In short, then, a player could suffer measurable economic damage if his name is among 103 released to the public. He thus might seek to hold the MLBPA responsible should his name be divulged.
The MLBPA releasing the list of names would also undermine, if not altogether sink, its legal argument in U.S. v. Comprehensive Drug Testing, Inc., a case that is presently before the U.S. Court of Appeals for the Ninth Circuit. In that case, the MLBPA contends that federal agents, acting on a search warrant, violated the named players' 4th Amendment protection from unreasonable search and seizure when agents found testing information on those players intermingled with information on 10 players who had been connected to BALCO and who were the actual subjects of the search warrant. Granted, should the MLBPA release the names of 103 remaining players, it would probably not indicate all of the information seized by the government. The steroids for which those players tested positive, for instance, would likely be omitted from any disclosure. Nonetheless, such a disclosure might signal to the Ninth Circuit that the MLBPA does not view those named players' 4th Amendment rights with as much meaningfulness as previously claimed.

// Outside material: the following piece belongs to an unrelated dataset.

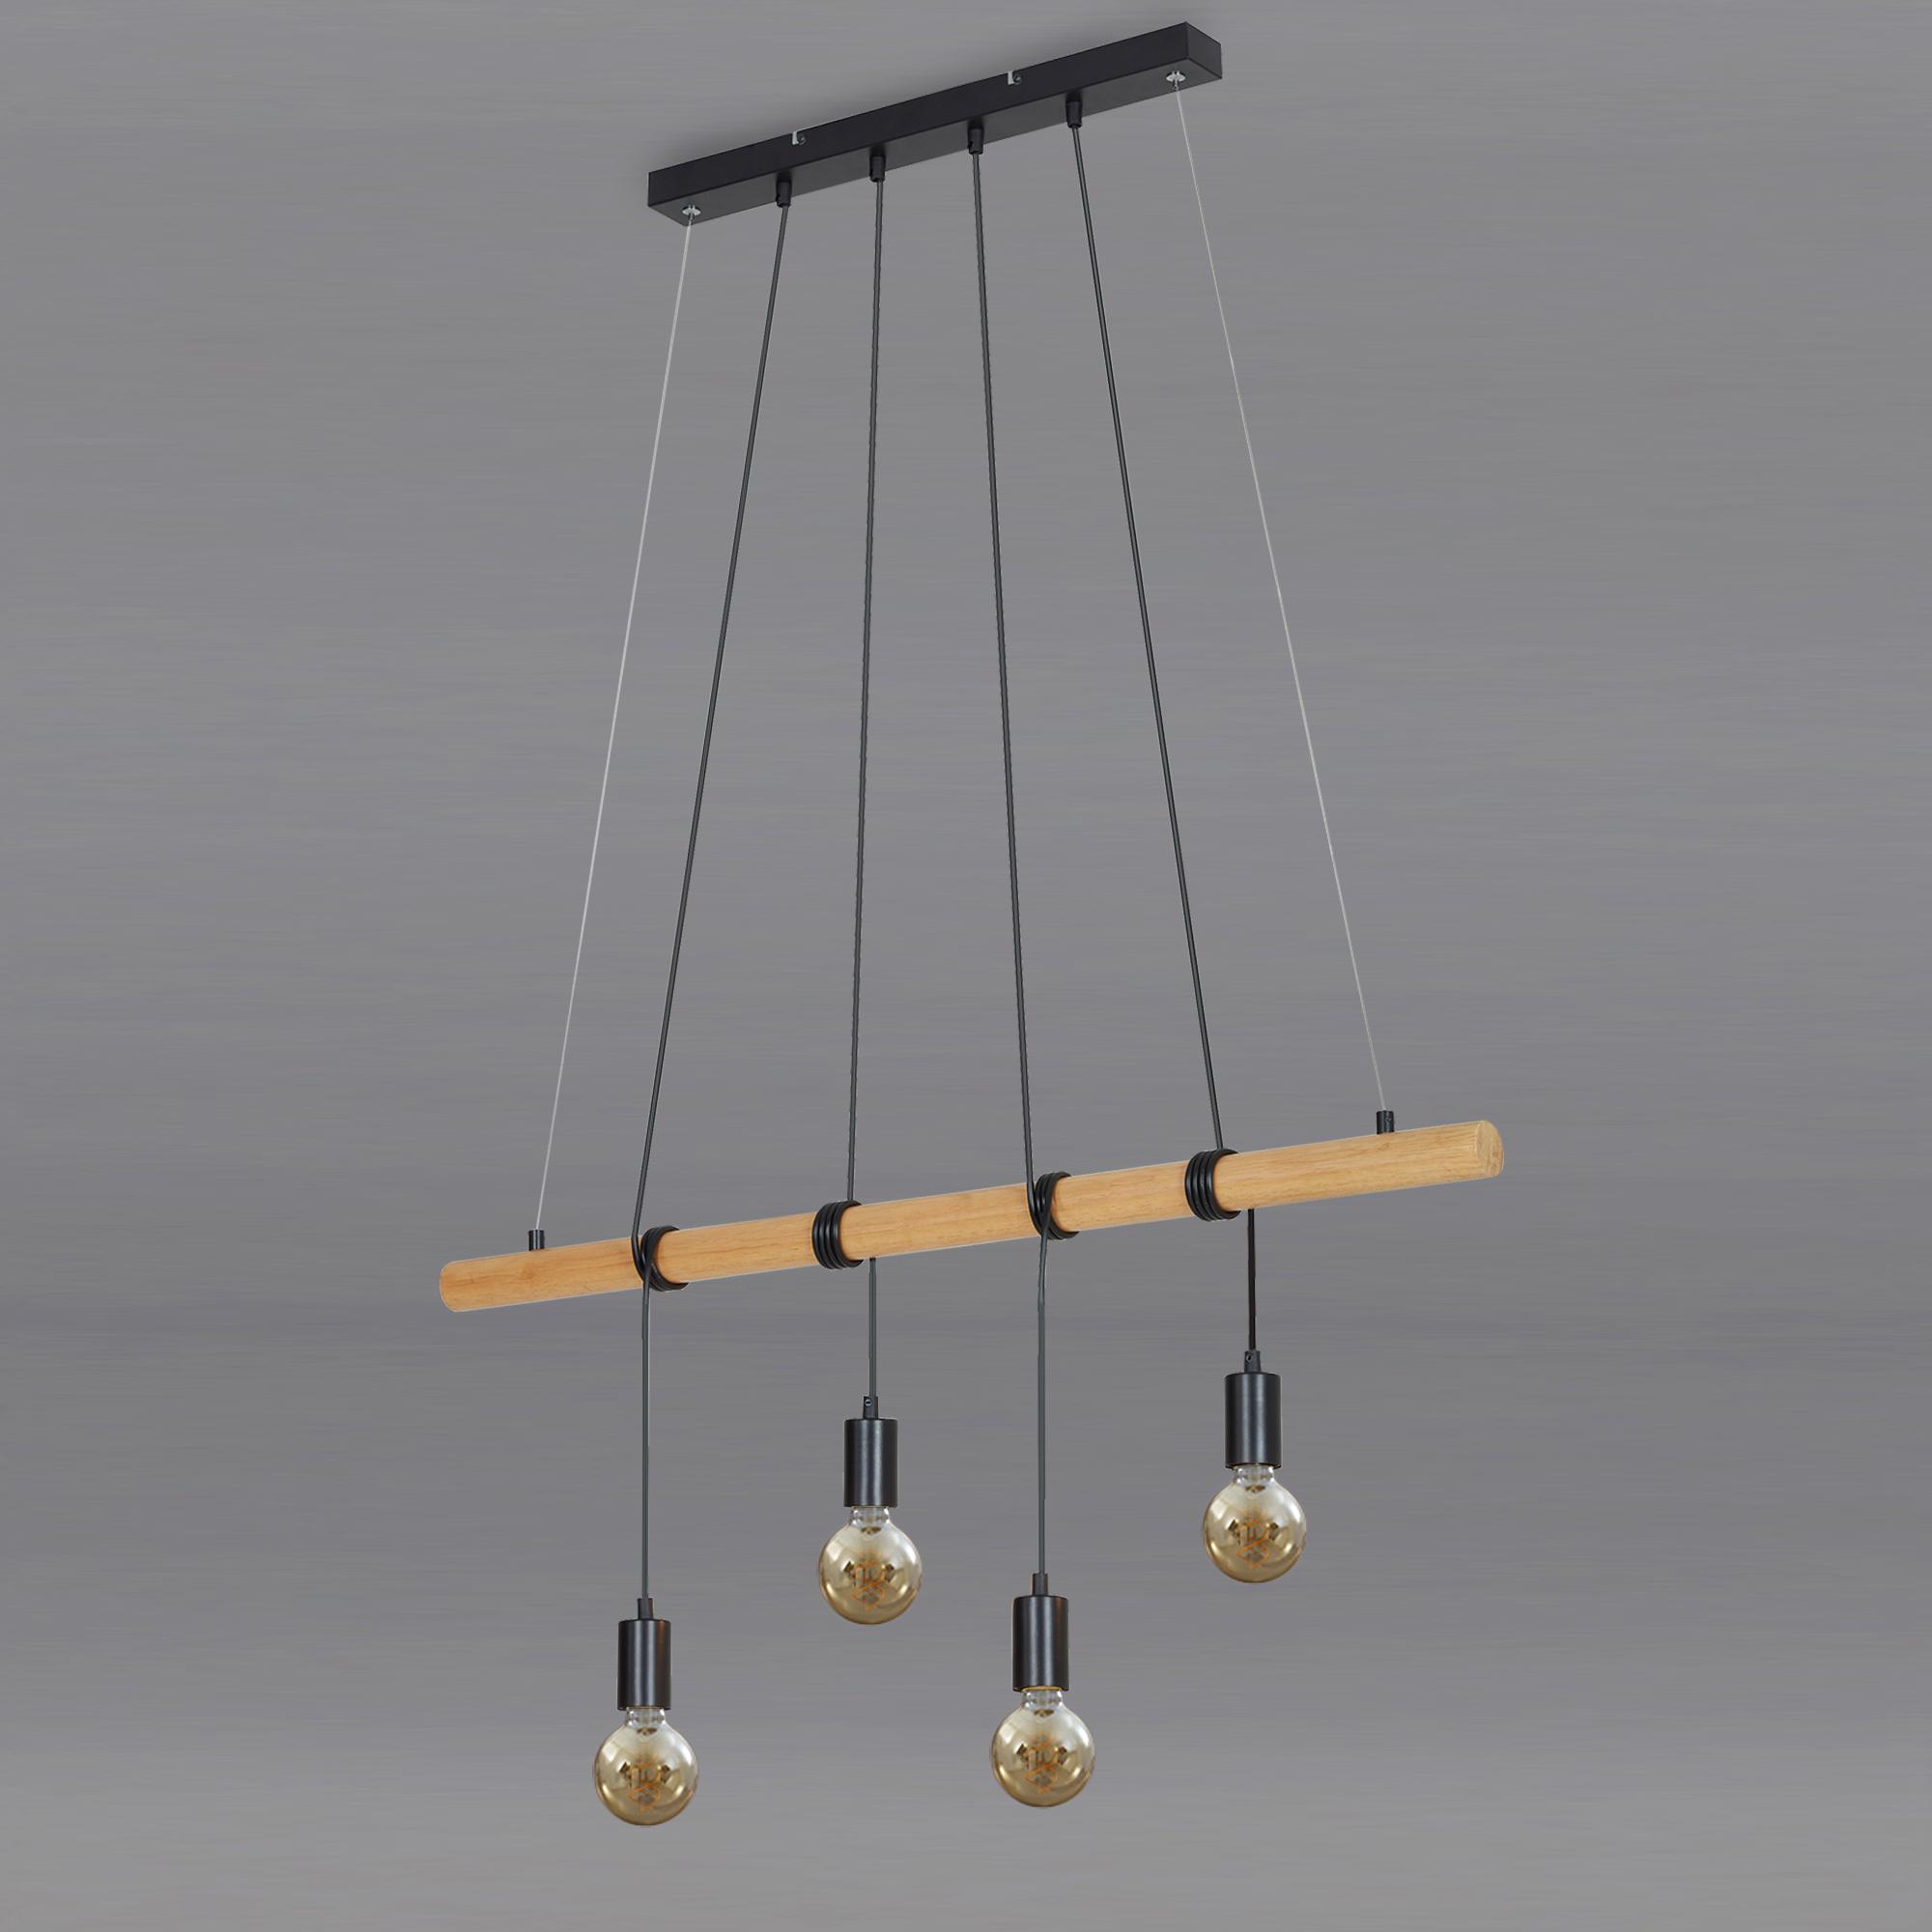 Pendelleuchte, 90 cm, max. 25 W, Holz-Grau

While there are multiple rationales for the MLBPA to preserve the confidentiality of the 103 names, there is at least one justification for it to release the information: Doing so would cease the skepticism directed toward numerous players who, over the last 48 hours, have become the undeserving targets of Internet and sports radio speculation as to whether they are among the 103.
Along those lines, a player or group of players could attempt to persuade, even force, the MLBPA to release the list. A plausible device would entail exerting suasion on MLBPA executives through internal MLBPA procedures, such as voting procedures for union action or the use of lobbying by player representatives from each of the 30 teams. This group of players might also receive outside advocacy, such as from interested members of Congress, including those who may feel that baseball and union officials were not entirely forthcoming in prior Congressional testimonies. In addition, should this group of players enjoy widespread support among MBLPA members, they could even threaten to demand new union leadership, with the "nuclear option" -- decertification -- always on the table. Decertification refers to when union members vote to revoke the certification of the union, meaning the union no longer represents the players in employment relations, including collective bargaining. Decertification is extremely rare, however, particularly in the sports context, with the National Football League Players' Association decertification in 1987 a notable exception. It seems highly unlikely that the MLBPA would implode over the 103 names, though it remains at least theoretically possible.